1.6 ━"Teselli etmedikleri küçük çocuklar ne üzüntü ne de ıstırap hissediyor."

152 19 8
                                    

➽Lumos!

||Bölüm müziği: Garmarna-Vänner och fränder||

_______________________________________

"Belki de düşersin en pejmürde binaya,
Hogwarts dörtlüsünün yüz karasına."

"Akıllı sanırsın kendini,
Beceriksizlerin toplandığı çatıda."
_______________________________________

Kara Gölün yüzeyine düşen yaprakları izledi dalgınca. Yağan kar, kısa süre içinde erimişti lakin McGonagall'ın büyüsü, göl yüzeyini hâlâ diri tutuyordu deniz halkı için.

"Eğer duvarlar efsunla korunuyor olmasaydı, arkasında ne olduğunu bilmemizin istenmediği kapıların ardına distimitria ile rahatça erişebilirdik. Evinizde girmenin yasak olduğu odalar var mı hiç? Kapısının önünden geçtiğinde bile azarlandığın?"

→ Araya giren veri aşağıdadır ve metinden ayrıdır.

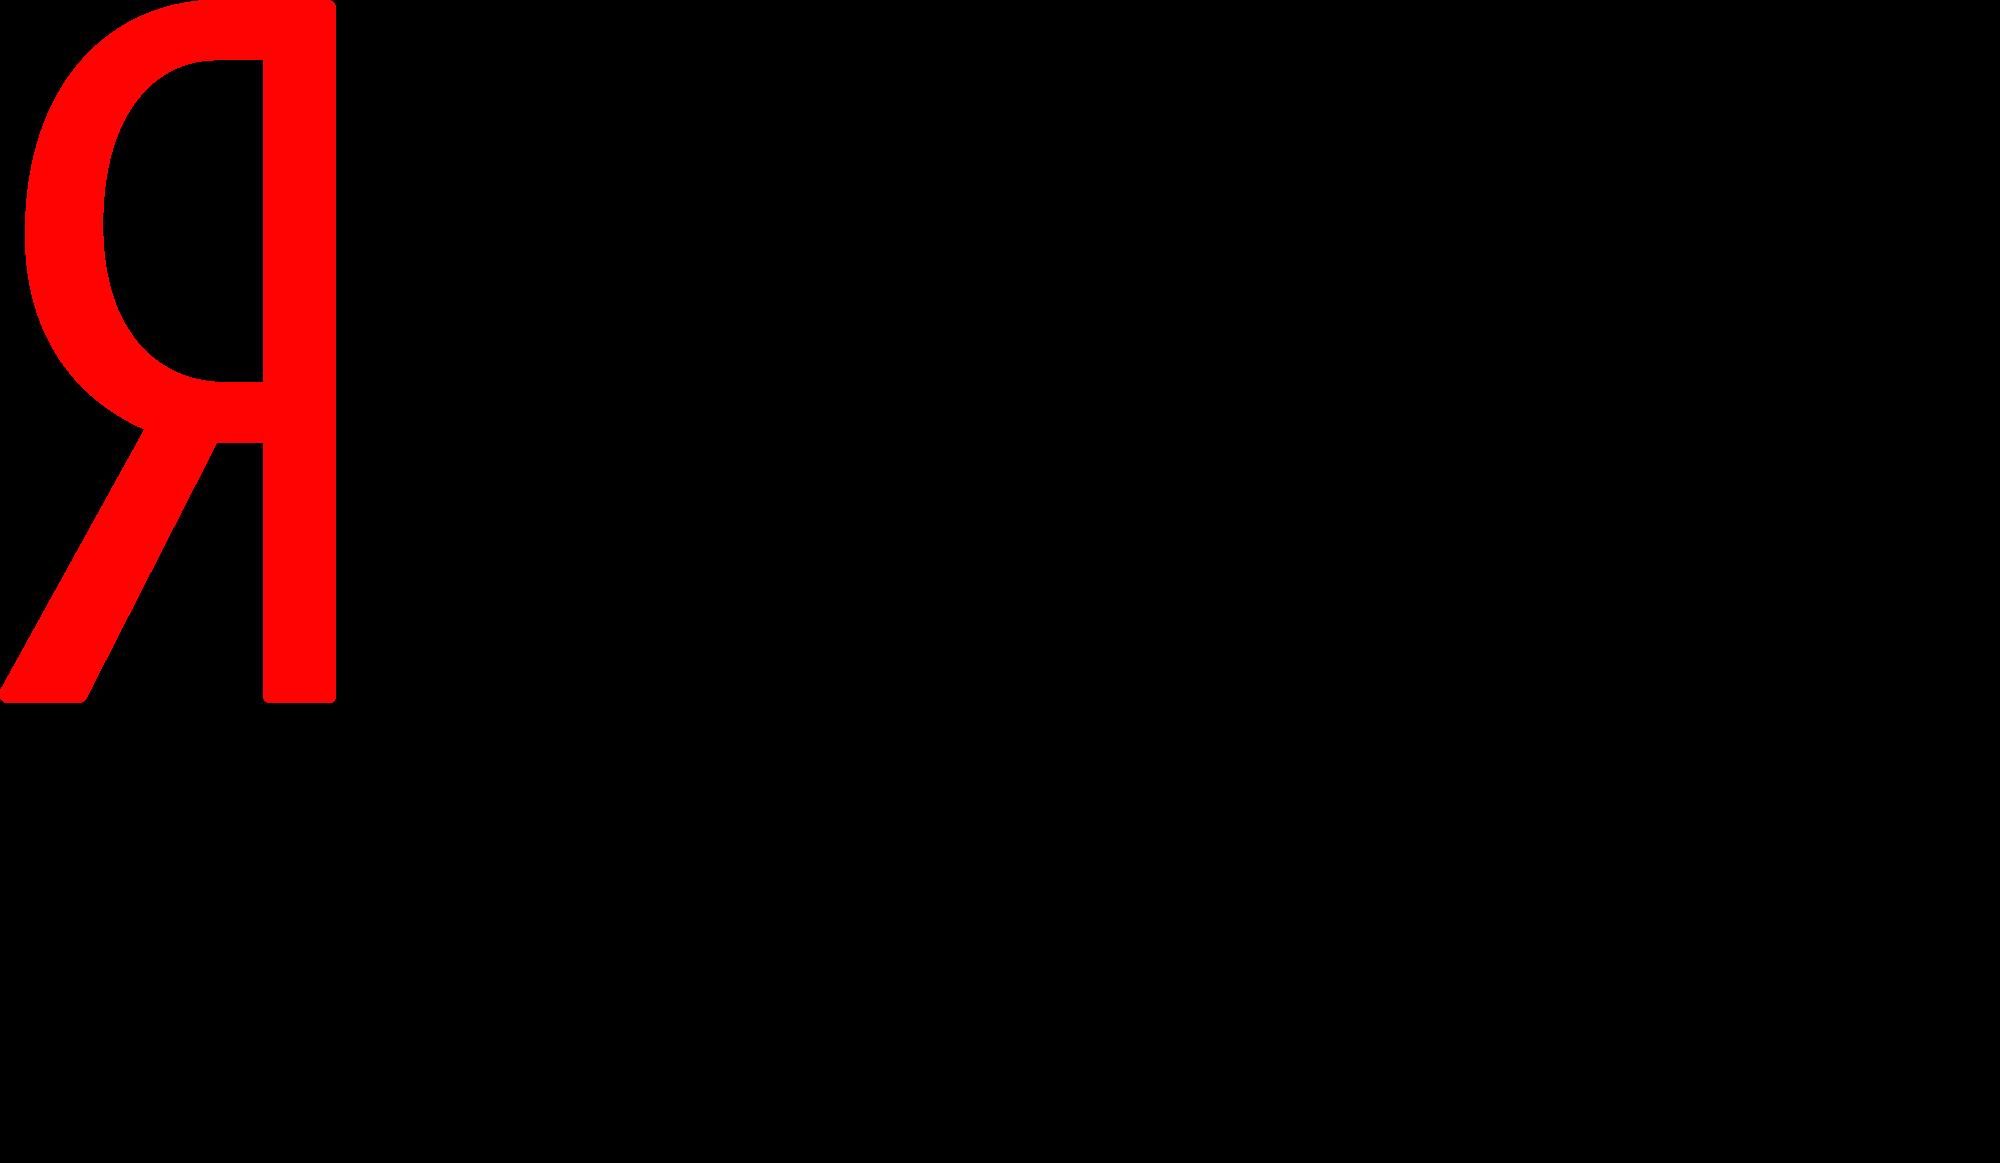 Yandex. Yandex logo - Yandex Logo PNG

Pansy, yanıt beklercesine kısa saçlı arkadaşına baktı. Kendisi ilgi ve heyecanla konuşurken ona tezat Arthemis, epeyce sıkkın ve ilgisiz görünüyordu. Sağ elinin parmaklarını boynundan sarkan metal, ağır görünüşlü kolyeye sarmış ve gözlerini uzak bir noktaya dikmişti. Gözleri kısıktı ve bal rengi irisleri memnuniyetsizce bakıyordu odaklandığı yere. Küt saçlı Slytherin, dizleri üzerinde dikelip bir elini Arthemis'in gözleri önünde salladı. Kızın dikkati, aniden Pansy'nin üzerine yoğunlaşırken yüz hizasındaki elini homurdanarak ittirdi ve sorusuna karşın omuz silkti gecikmiş cevap niteliğinde.

"Neye bakıyordun öyle?"

Küt saçlı Slytherin, az önce arkadaşının baktığı noktaya çevirdi gözlerini. Odaklanmak için gözlerini kısmıştı ve eş zamanlı olarak yüzü de gerilmişti. Bu haliyle öfkeli bir rakunu andırıyordu Parkinson kızı.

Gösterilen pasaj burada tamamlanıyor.